Methods: The present study involved 30 patients with alopecia. Three young surgeons (nominated A, B, and C) each performed follicular unit extraction on a randomly selected portion of the donor site of each patient for ten minutes. The outcomes were separately recorded and calculated, and converted to an invalid extraction rate for each surgeon using the formula, “invalid extraction rate = 1 − successfully extracted follicular units/actually extracted units × 100%.”
Results: The follicular unit invalid extraction efficiency of each surgeon gradually declined. The average efficiency level of surgeon B was evaluated as excellent, while the levels of surgeons A and C were evaluated as good.
Conclusion: With experience, surgeons can speed up the process of follicular unit extraction and gradually increase performance quality through both extraction speed and success rate.
Keywords: follicular unit extraction, operating level, evaluation
Follicular unit extraction (FUE) technology is a hair transplantation technology proposed by Rassman in the mid-1990s;1 it has become one of the most popular procedures in hair transplantation surgery. In this procedure, a hollow circular drill is used to directly drill out hair follicles, and bunches of hair from the occipital donor area of the patient are used to prepare hair follicle transplantation units.2–5 In order to remove the required grafts within a limited time, the surgeon performing the hair transplantation is required to drill relatively quickly. However, some clinicians focus on speed, ignoring the damage caused to patients by invalid drilling. Therefore, the authors propose the concept of invalid extraction rates and a related calculation method to emphasize minimizing damage to patients in FUE.
The calculation of invalid extraction rates was used to evaluate the performance of three young surgeons during drilling operations in FUE in the Burn and Plastic Surgery Department of the Fourth Medical Center of the General Hospital of the Chinese People’s Liberation Army (PLA) from February to November 2018. This achieved encouraging advancement, backward supervision, and common progress. The details are reported below.
Subjects and Methods
A total of 30 patients were enrolled in the present study. All patients were male, with ages ranging from 17 to 55 years. There were 23 patients with male alopecia and 7 patients with cicatricial alopecia. For each patient, hair was taken from the occipital area, and no severe trauma or surgical history was found in the donor area. Hair was taken from each patient through FUE drilling, and hair acquisition numbers ranged from 2051 to 4211. Preoperative inspection revealed that the average hair density of the donor area was between 91 and 152 follicles per cm2, and hair diameter ranged from 0.053 to 0.097 mm. The hair in the donor area was shaved to a length of 1 mm. Each site was divided into four areas by a horizontal and a vertical line drawn through the position of the occipital carina.6–9 This study was conducted in accordance with the Declaration of Helsinki and approved by the Ethics Committee of The Fourth Medical Center of the General Hospital of the PLA. All patients provided written informed consent before enrollment in the study; informed consent forms of patients under the age of 18 were signed by their guardians.
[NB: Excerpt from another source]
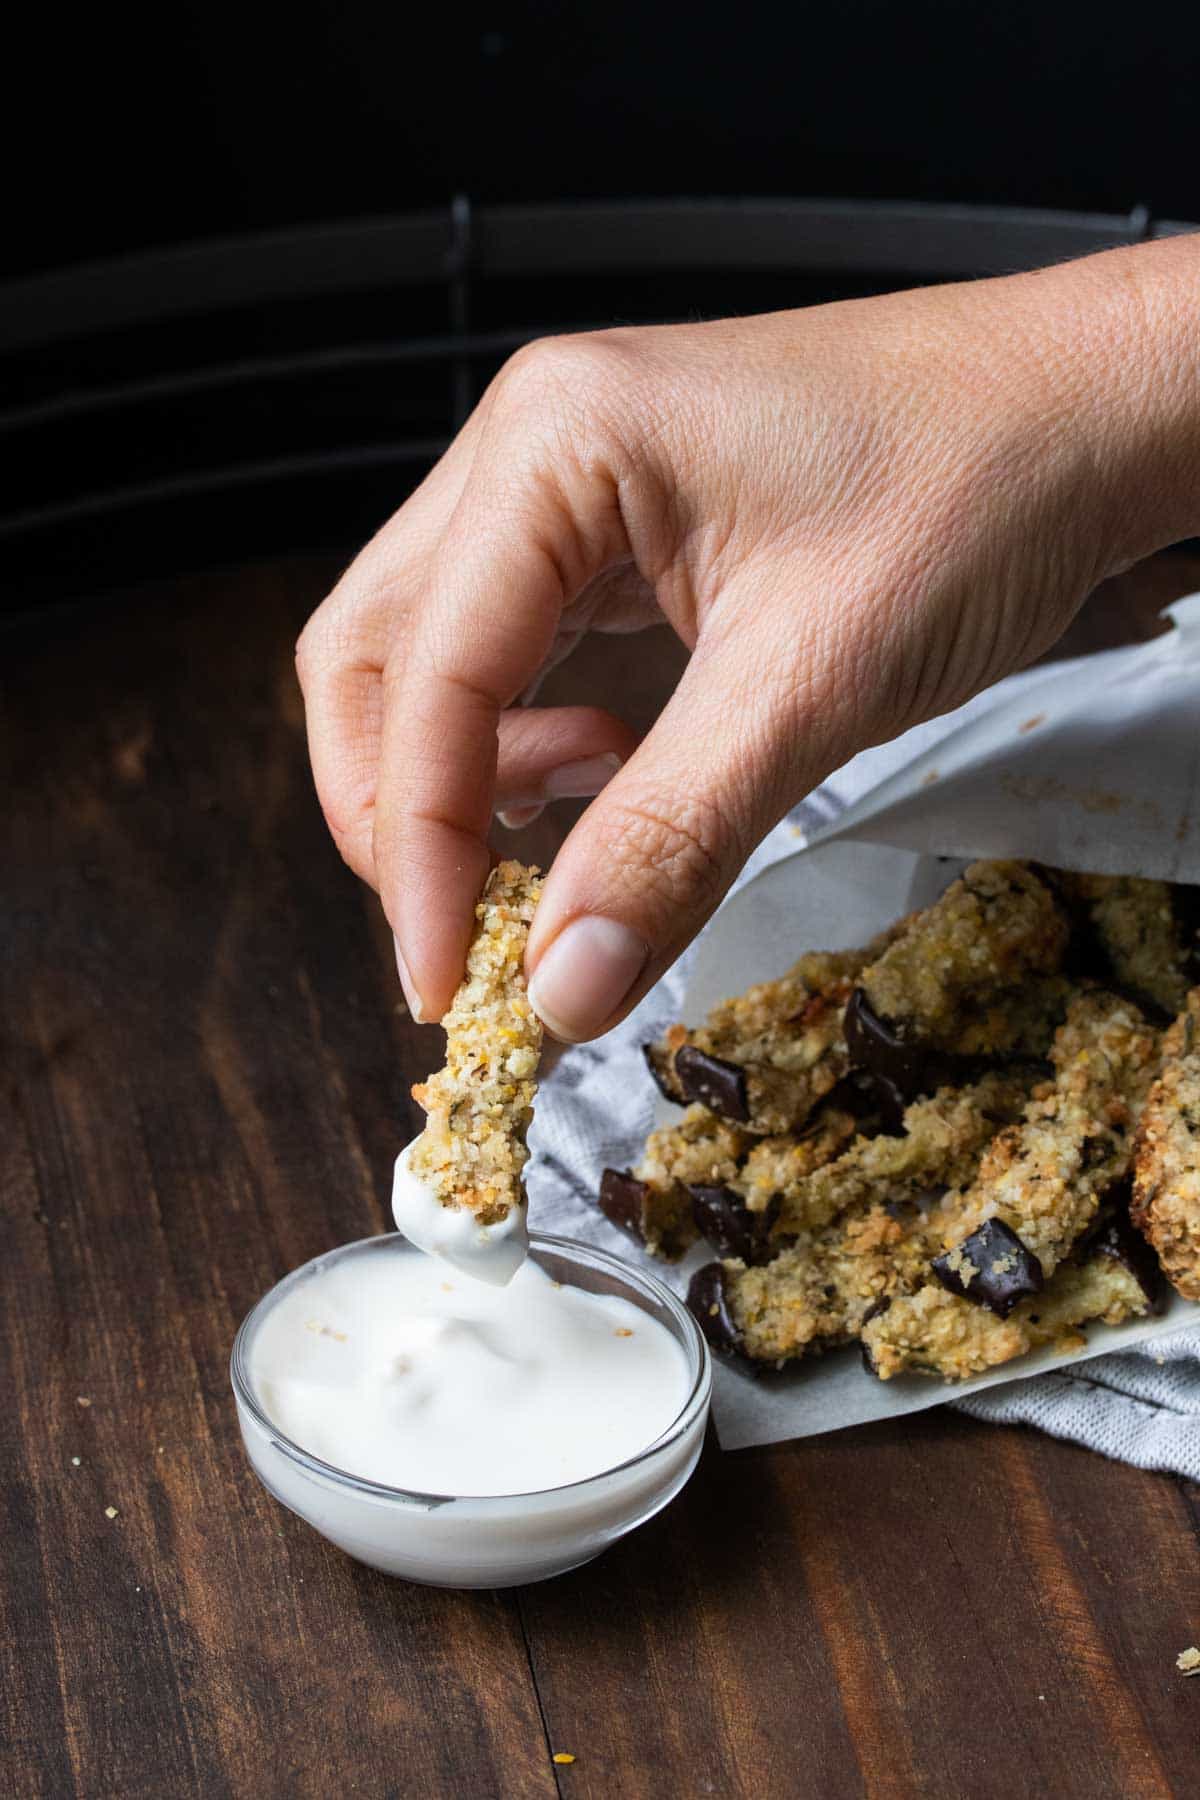 Hand dipping an eggplant fry into a white sauce.

Inclusion and Exclusion Criteria
The inclusion criteria were as follows: 1) normal results of routine preoperative blood and coagulation tests; 2) no infection or folliculitis on the scalp; and 3) patients eligible for hair transplant.
The exclusion criteria were as follows: 1) patients with infectious diseases such as hepatitis B, hepatitis C, syphilis, or AIDS; and 2) hair rotation in the extractive part of the posterior occipital area.
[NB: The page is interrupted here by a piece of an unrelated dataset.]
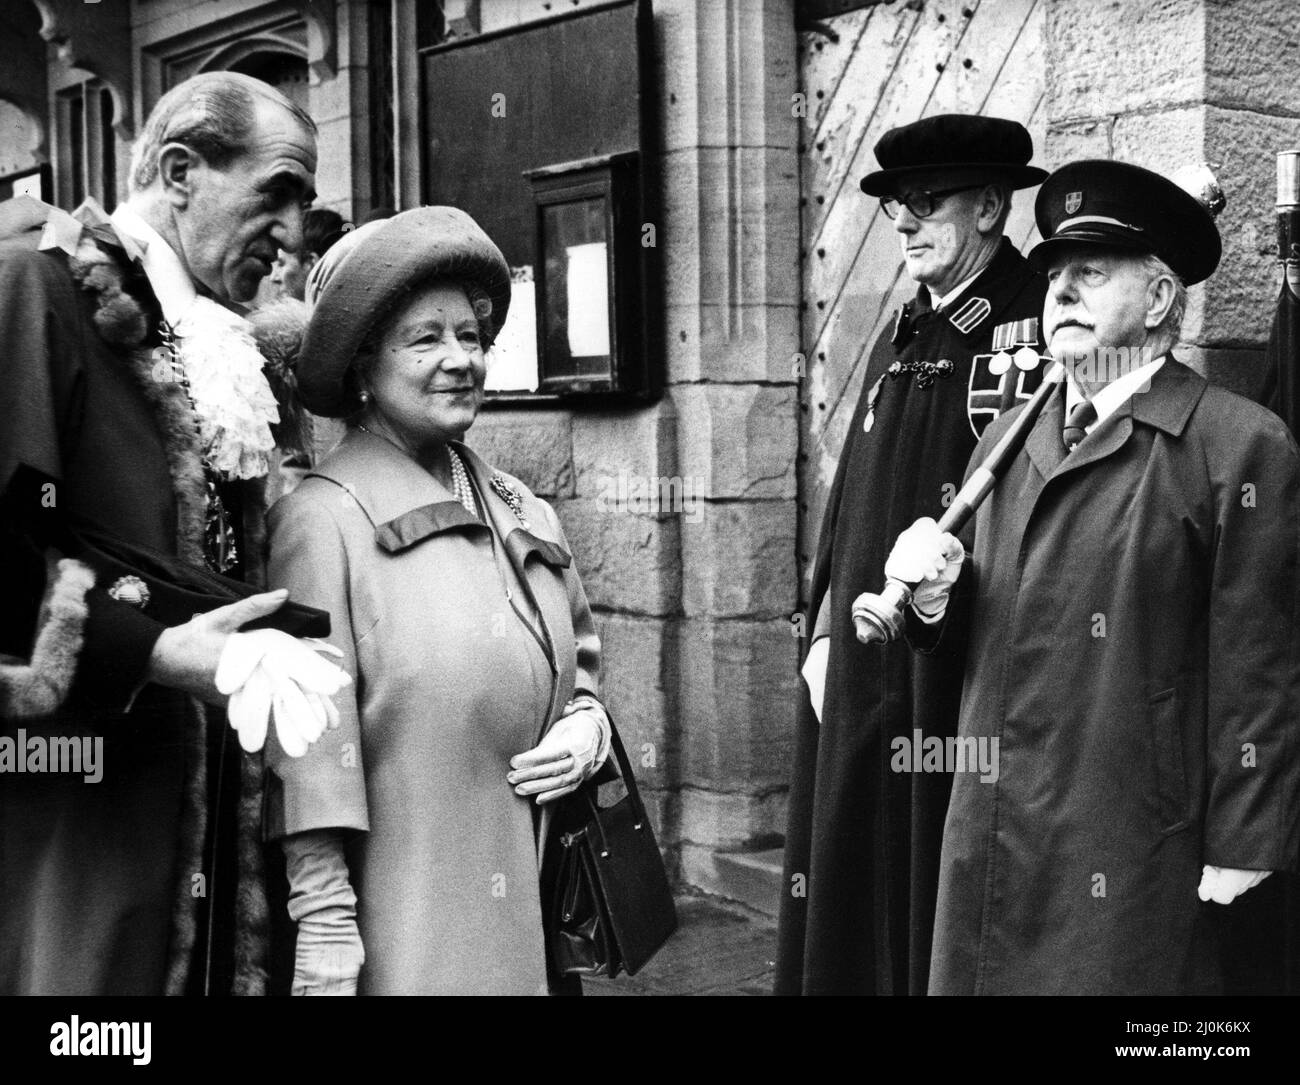 Queen Elizabeth the Queen Mother  North East Visits  Queen Elizabeth the Queen Mother visits Durham 6 November 1980 with the Mayor, Coun Joe Anderson Stock Photo

Invalid Extraction Rate in Follicular Unit Extraction
The invalid extraction rate in FUE measures the percentage of invalid extraction when surgeons take hair follicle units by drilling and reflects the need to reduce the degree of damage in the hair donor area. The calculation method is as follows: “invalid extraction rate in FUE = 1 − successfully extracted follicular units/actually extracted units × 100%.”
A folliscope hair detection analyzer, a FUEPK-7000 hair follicle drilling machine (LeadM, South Korea), and a number of 1-mm hair extraction drills were used (Figure 1). An extraction needle with a diameter of 0.8 or 0.9 mm (LeadM, South Korea) was used (Figure 2), with the selection of the specific needle used based on the thickness of each patient’s hair in the extraction region (Figure 3).
Figure 1 FUEPK-7000 hair follicle drilling machine.
Figure 2 The drills produced by LeadM in South Korea.
Figure 3 The diameter of posterior occipital hair follicles examined by trichoscope before operation.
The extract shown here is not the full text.